Transport costs have been relatively steady and in some cases even declined in 1985. The competitiveness of the trucking industry has left them small profit margins. The flow on in reduced fuel prices in early 1986 assisted keeping transport prices low even though the potential for fuel savings was stifled at Federal level. Some trucking companies have now geared up for the liming industry by obtaining regular backloading business out the region, again contributing to steady transport prices.

Spreading contractors generally do not make a big margin either. The machinery required for lime spreading is specialised and the work is only seasonal at present. The potential exists to lime pastures in the winter off-season and to then mix the lime into the soil in preparing for the cropping cycle.

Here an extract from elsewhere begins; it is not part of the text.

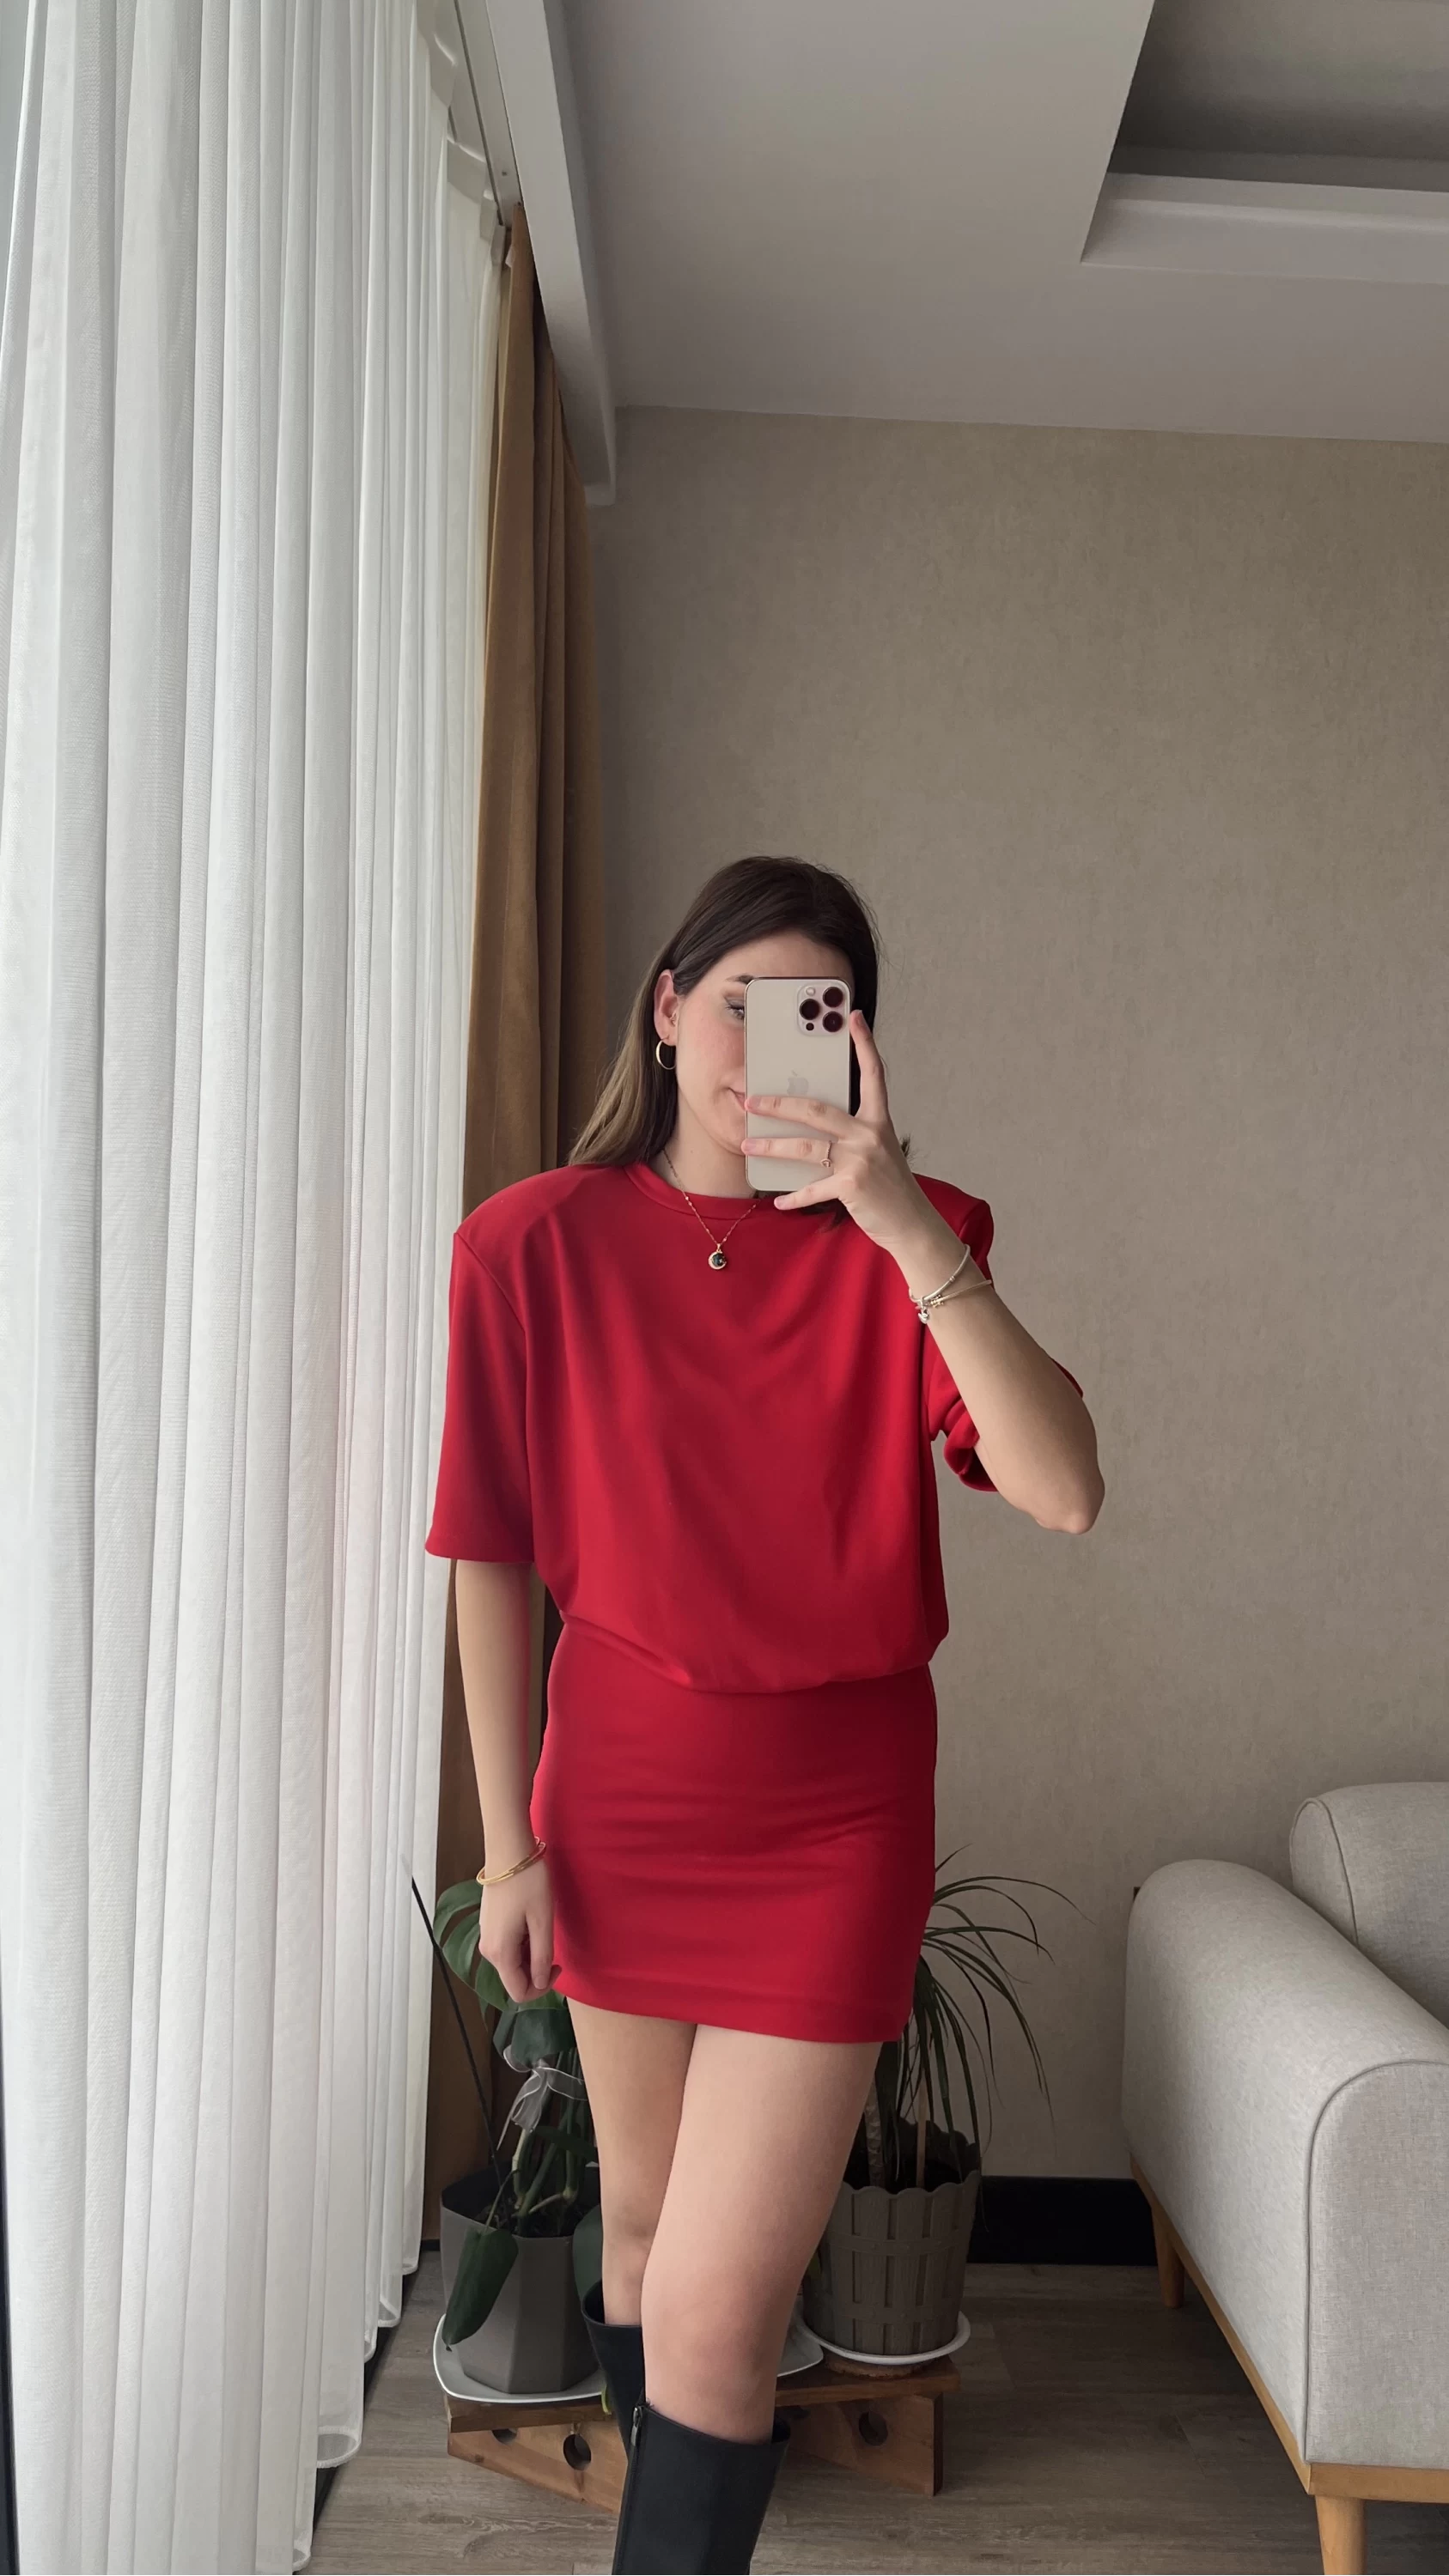 Premium Kırmızı Vatkalı Elbise

The reseller or agent makes a margin which is sometimes difficult to isolate. Some organise the transport of lime and may even use their own trucks; some organise the spreading contractor for you or provide their own operator and machine; some hire out machines; some do several of the above while others just relay the order from the farmer to the lime company and pick up a margin for carrying the account. In the past, there have been many resellers who have collected significant per tonne margins simply for a phone call and an invoice. That is no longer possible. There are now several companies feeding into the Riverina and each may have several outlets. Major suppliers include David Mitchell Estate (Lilydale, Vic), Southern Limestone (Moss Vale), OMYA Minerals (Bathurst), Slag Lime (Marulan) and the two precipitator dusts from Geelong and from Marulan. With such competition no one can afford to offer inflated prices. However, despite this competition, there will be no price miracles for the Riverina for the reasons I have outlined above. To overcome our acidity problem we will need a combination of lime company competition, acid-tolerant cultivars and sound liming technology (application rates, incorporation methods, etc).

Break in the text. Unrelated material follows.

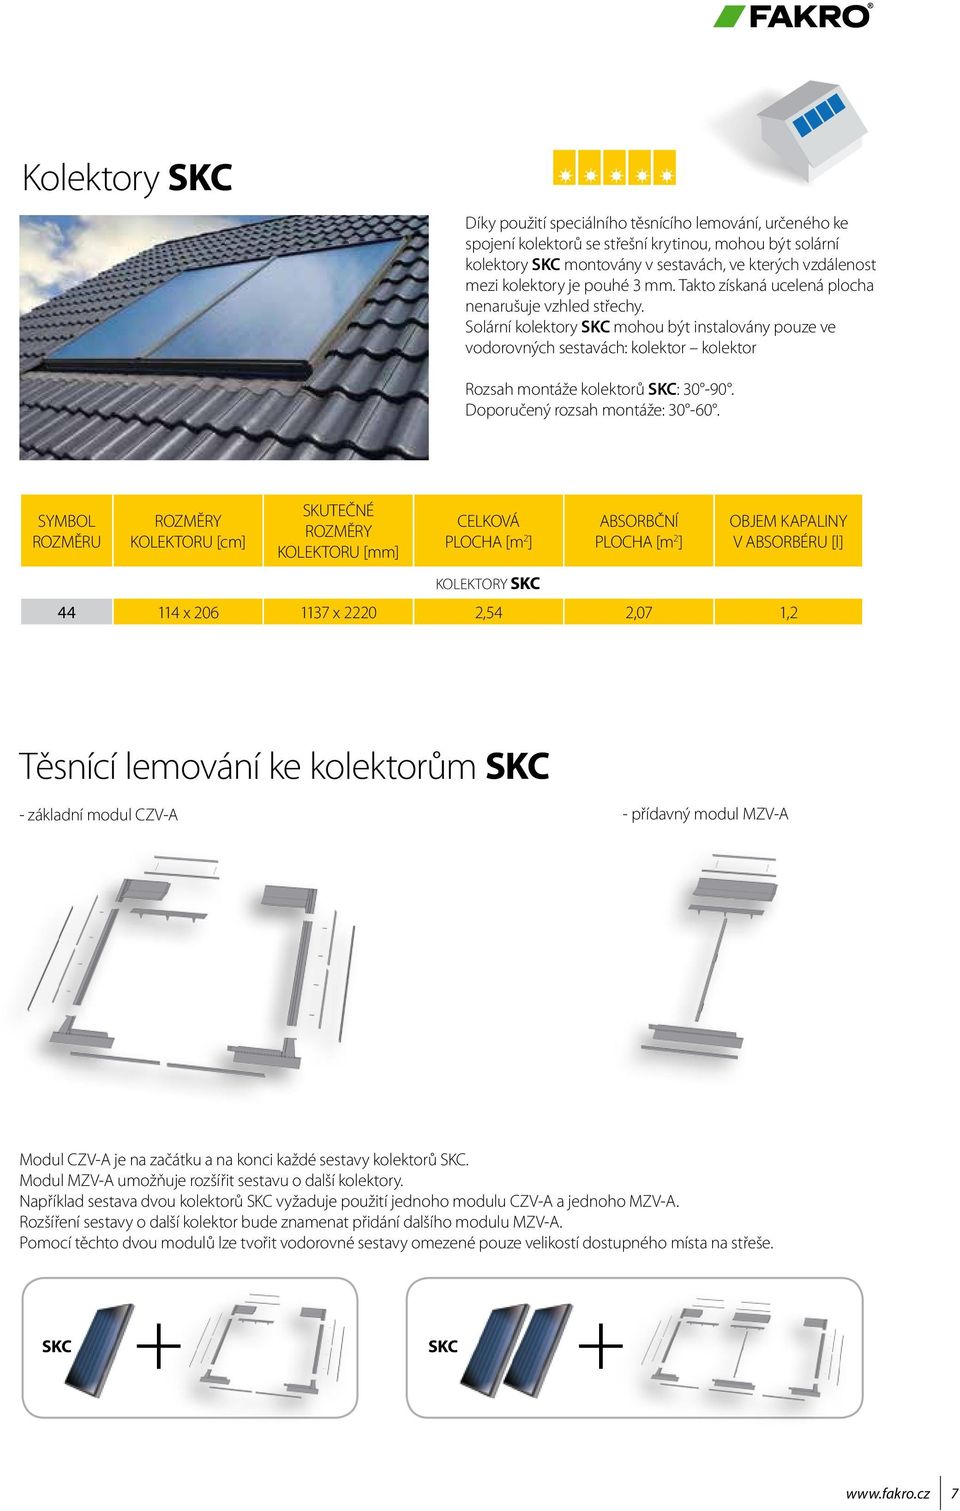 Solární kolektory SKC mohou být instalovány pouze ve vodorovných sestavách: kolektor kolektor Rozsah montáže kolektorů SKC: 30-90. Doporučený rozsah montáže: 30-60.

The social cost of continued soil acidification and the relative unattractiveness of our market for lime company expansion means that there is a good case for government intervention by subsidisation; that is, if the paperwork were tolerable, and if we could sell our wheat.

To finish on the bright side, once you apply limestone to an acid soil, the life expectancy of 2-3 tonne/ha in this region (450-600 mm rainfall annually) is easily 10 years before you end up where you started. On some trials of Brendan Scott (the second speaker) there is not even measurable evidence of decline in pH, 5 years after the limestone was applied. It appears that the major hurdle we face is that awesome initial cost, and less than 40% of that cost is the lime itself.